* _DATA BELOW_:
* * * * * * *

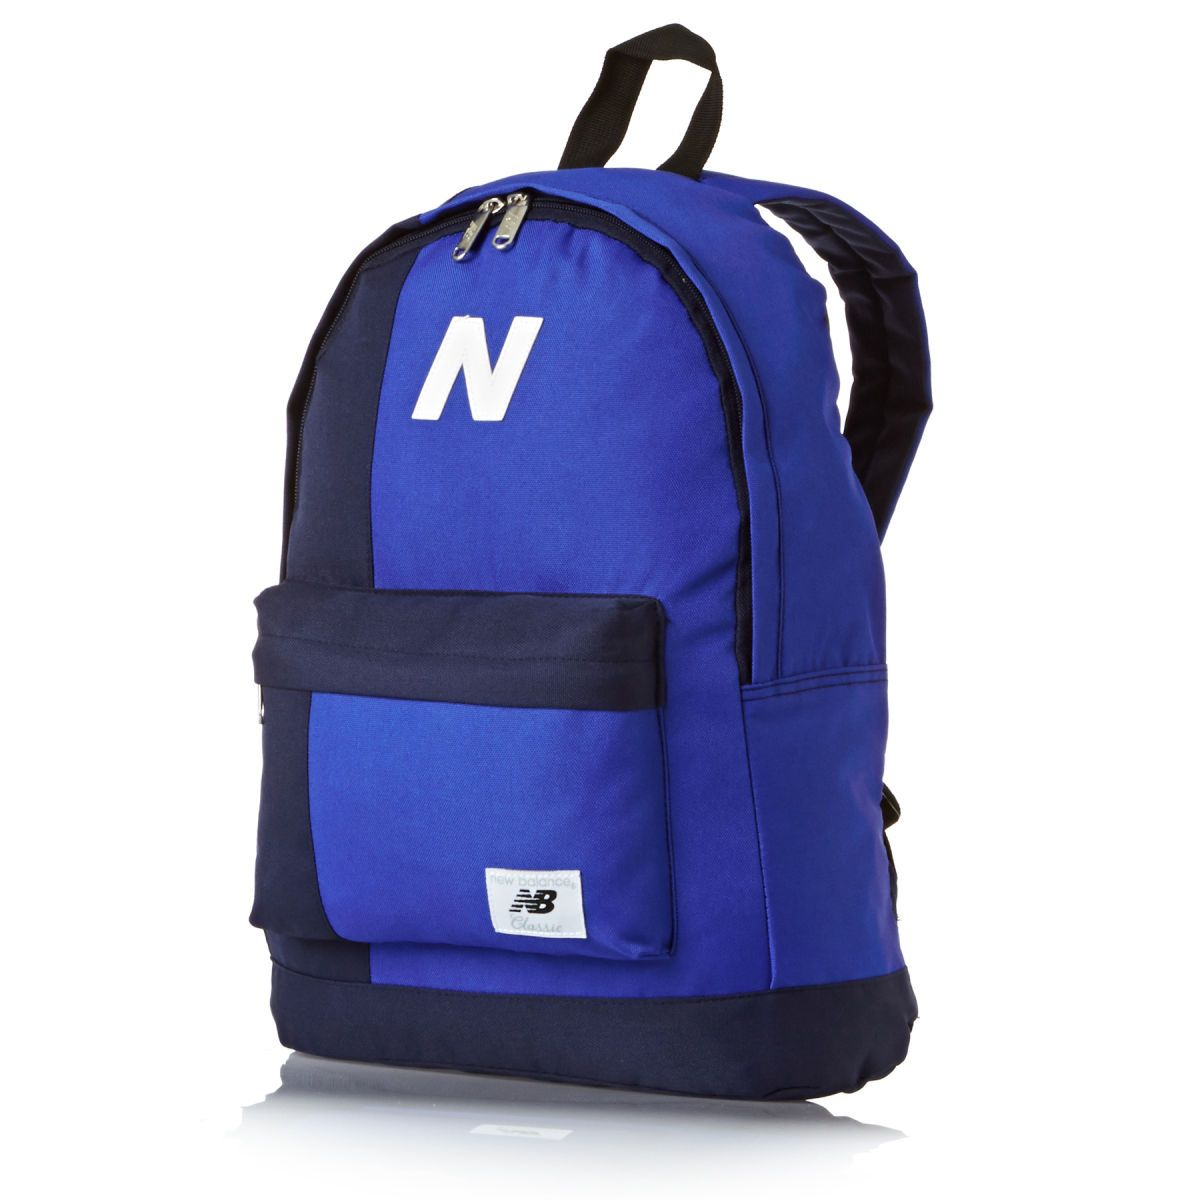 d8ce3941fac New Balance Mellow Asymmetric Backpack - Royal/Navy   hat's on ...
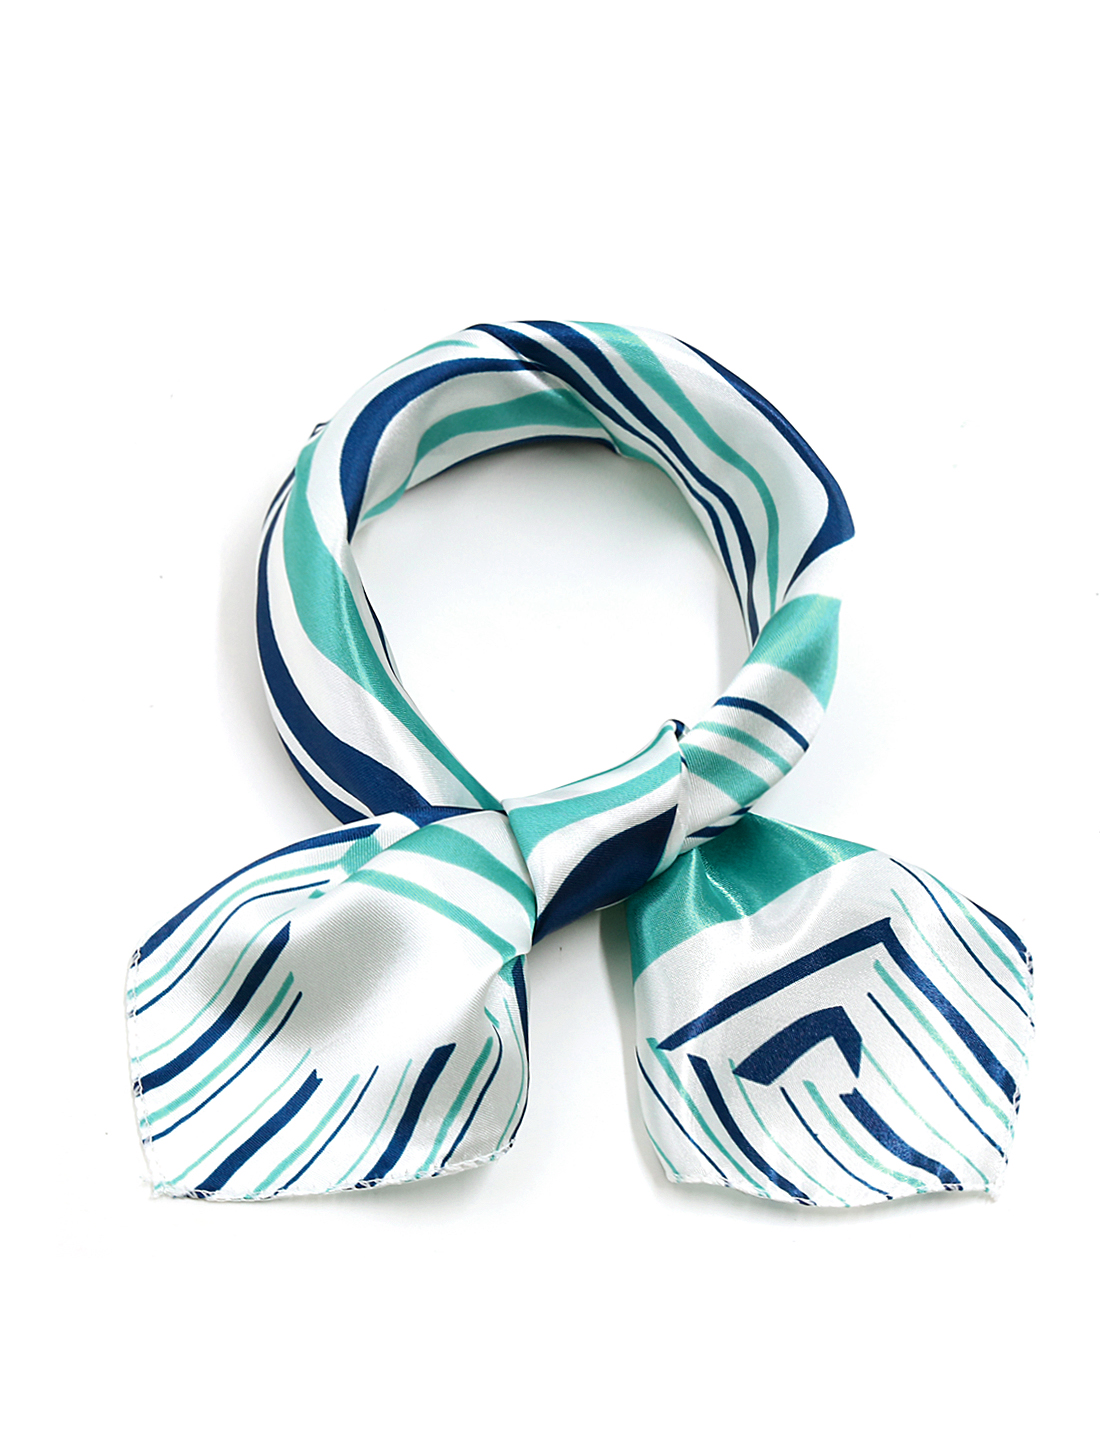 Ladies Squared Shape Novelty Pattern Leisure Kerchief Blue White
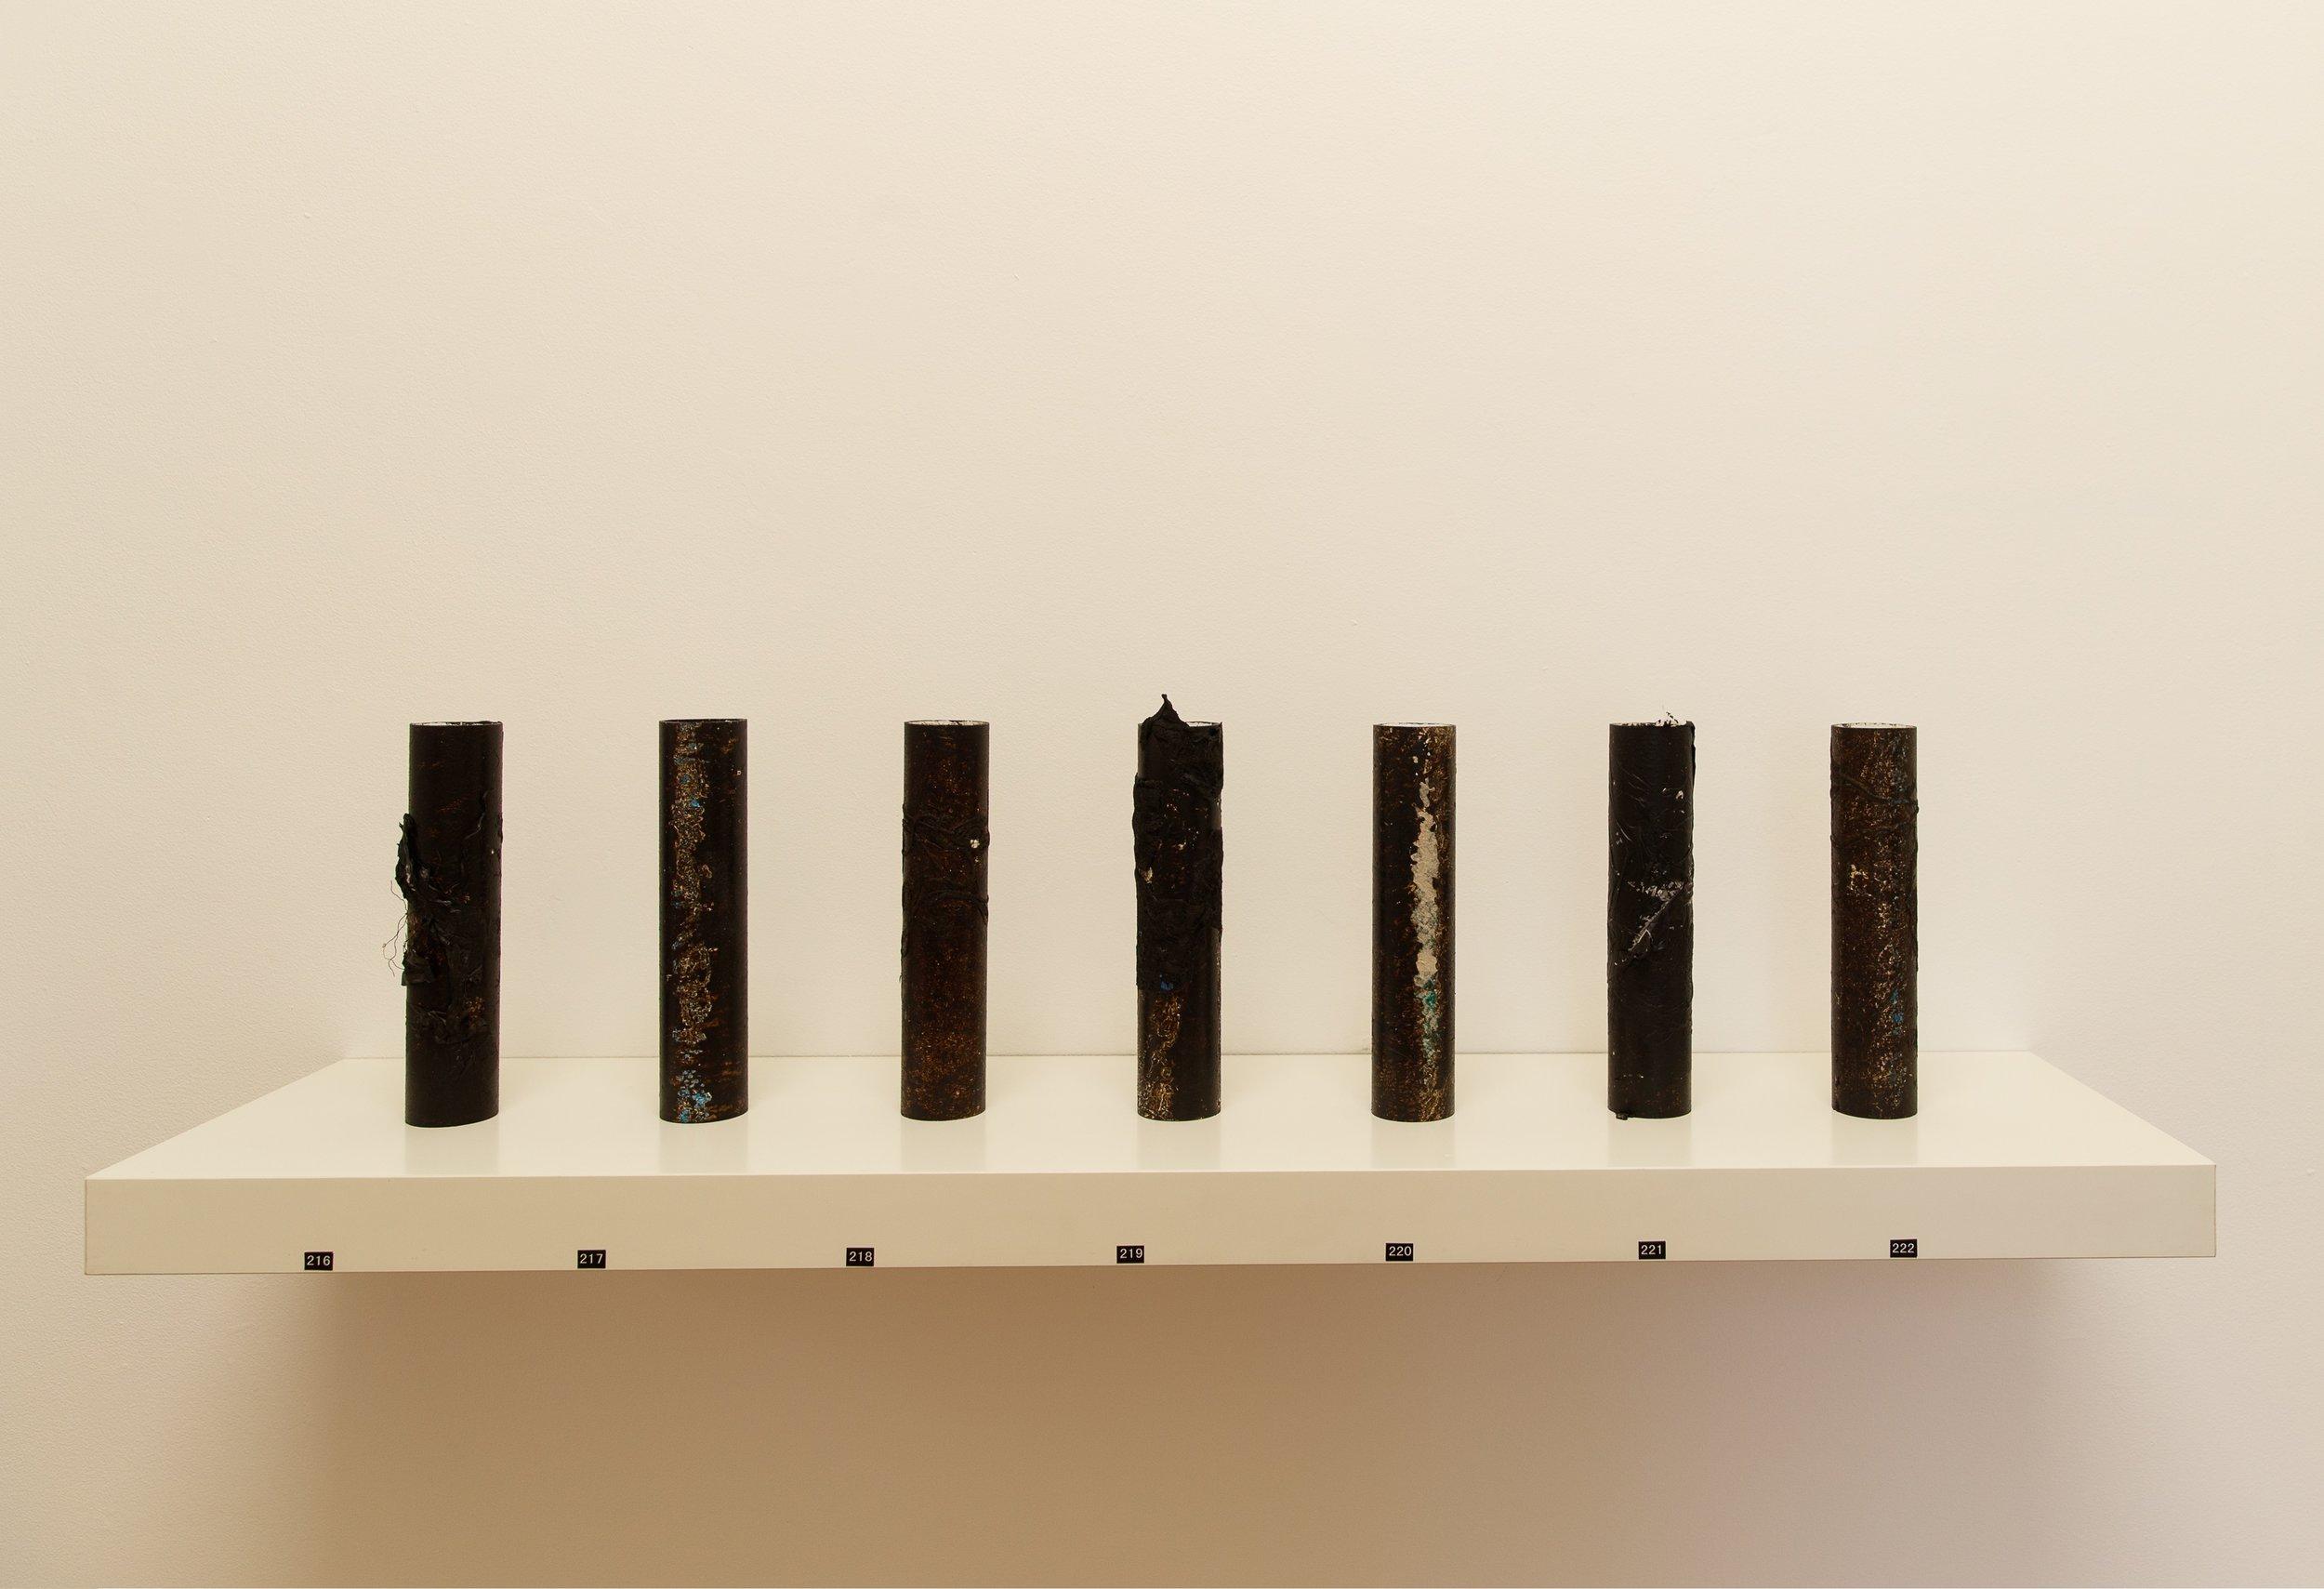 Remains # 1 - 7   bitumen rubber, detritus on PVC pipe  22.5 x 4.8 x 4.8 cm each  Photograph James Field, courtesy Adelaide Central School of Art

* * * * * * *

* _EXERCISE BRIEF_: Give the preceding data back exactly, minus every picture.

* _RESPONSE BELOW_:
 d8ce3941fac New Balance Mellow Asymmetric Backpack - Royal/Navy   hat's on ...
 Ladies Squared Shape Novelty Pattern Leisure Kerchief Blue White
 Remains # 1 - 7   bitumen rubber, detritus on PVC pipe  22.5 x 4.8 x 4.8 cm each  Photograph James Field, courtesy Adelaide Central School of Art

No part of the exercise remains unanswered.